Все подарки любимых — толковый храм на песке —
Ограняют горечь в вязком своем молчаньи.

А потом… соберутся немытые, пугливые словеса, —
Словно дети жалкой эпохи, стыдливого мезозоя.
Разожму ладони закрыть белесые их глаза, —
Но уже не перо звенит, но глухо шуршат мозоли.

И тогда, отдирая от веток февральский розовый крен —
На батист надежде, которой уже и в помине…
Помечаешь даты крестом, понимая:
вот — хрен,
Хрен им всем – и ворочаешь тленье в камине.

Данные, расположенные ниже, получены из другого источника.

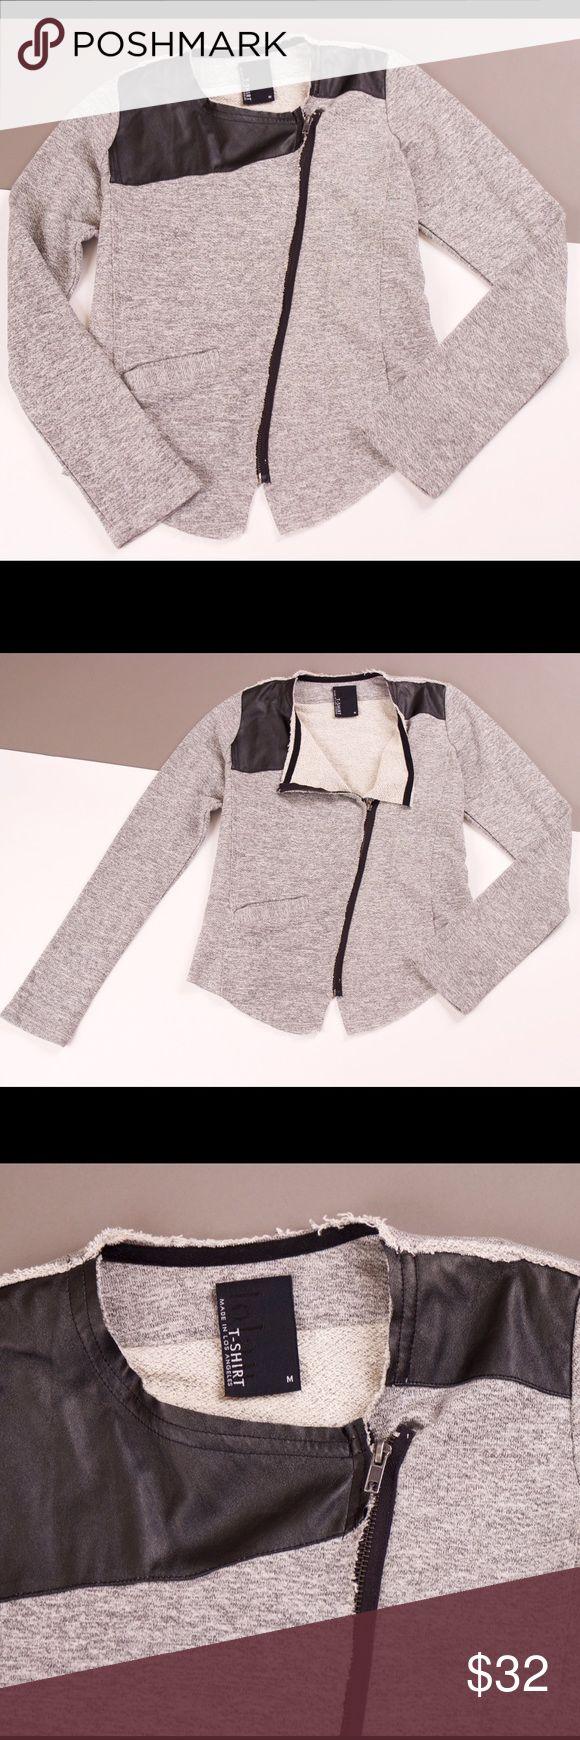 Dolan Left Coast gray black moto jacket Dolan left coast (t-shirt) gray moto jacket with faux leather shoulder detail. Zips up the front with asymmetrical zipper. Front pocket. Light cotton blend. Size medium   Shoulder-14 Sleeve-25 Bust-34 Length-26 dolan left coast Jackets & Coats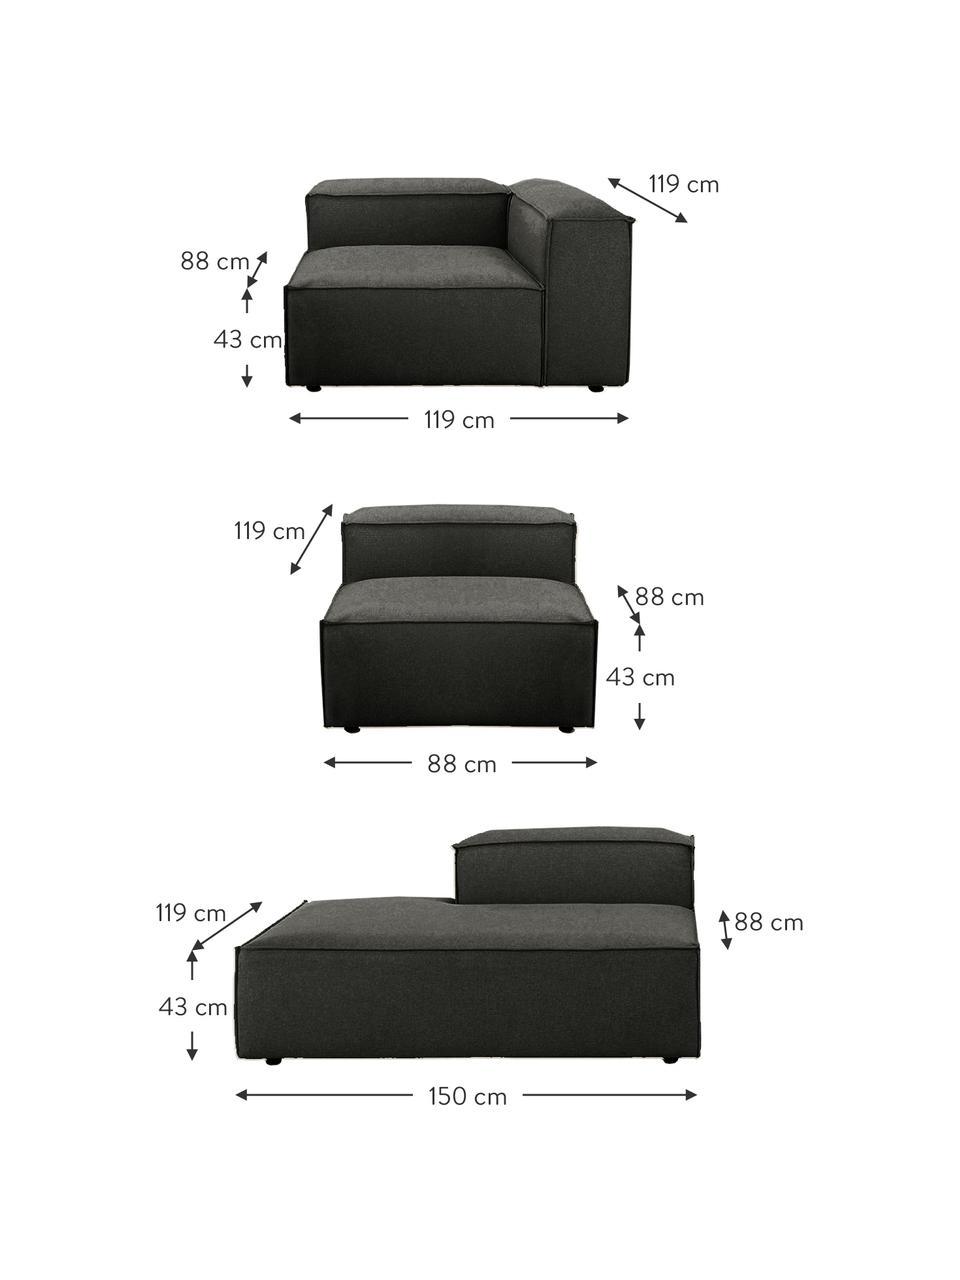 Canapé modulable XL gris anthracite Lennon, Tissu anthracite

Но толкутся же тени в прихожей:
и мертвый ковбой
На вороньей шубе
порошка отмеряет дорожку —
И сверкает варево стали,
и желтый, сухой, рябой
Пробивается свет в окно, открытое понарошку.

Вот вторая тень егозливый развозит итог:
И в котельной – пыль, и луч на мокрых  коленях.
Как мерцает царь в висках,
и каплет цветок!..
И еще чуток —
для тебя, постельное поколенье.

Я давно чужой для морока,
а в сорок был горд как грязь,
И компот на третье — последняя роскошь страха.
У меня от Бога — только сон и тертая бязь,
Да кривая связь с мартом,
да крестильная — вусмерть – рубаха.

Я хотел, чтобы был трагик
за то, что вышел тапер, —
И уже сглотнул пивные слезы в больничном сраме,
Потому, что никто не знает, да я и сам не допер
Ничего в страшных буквах неба,
в нежной его телеграмме.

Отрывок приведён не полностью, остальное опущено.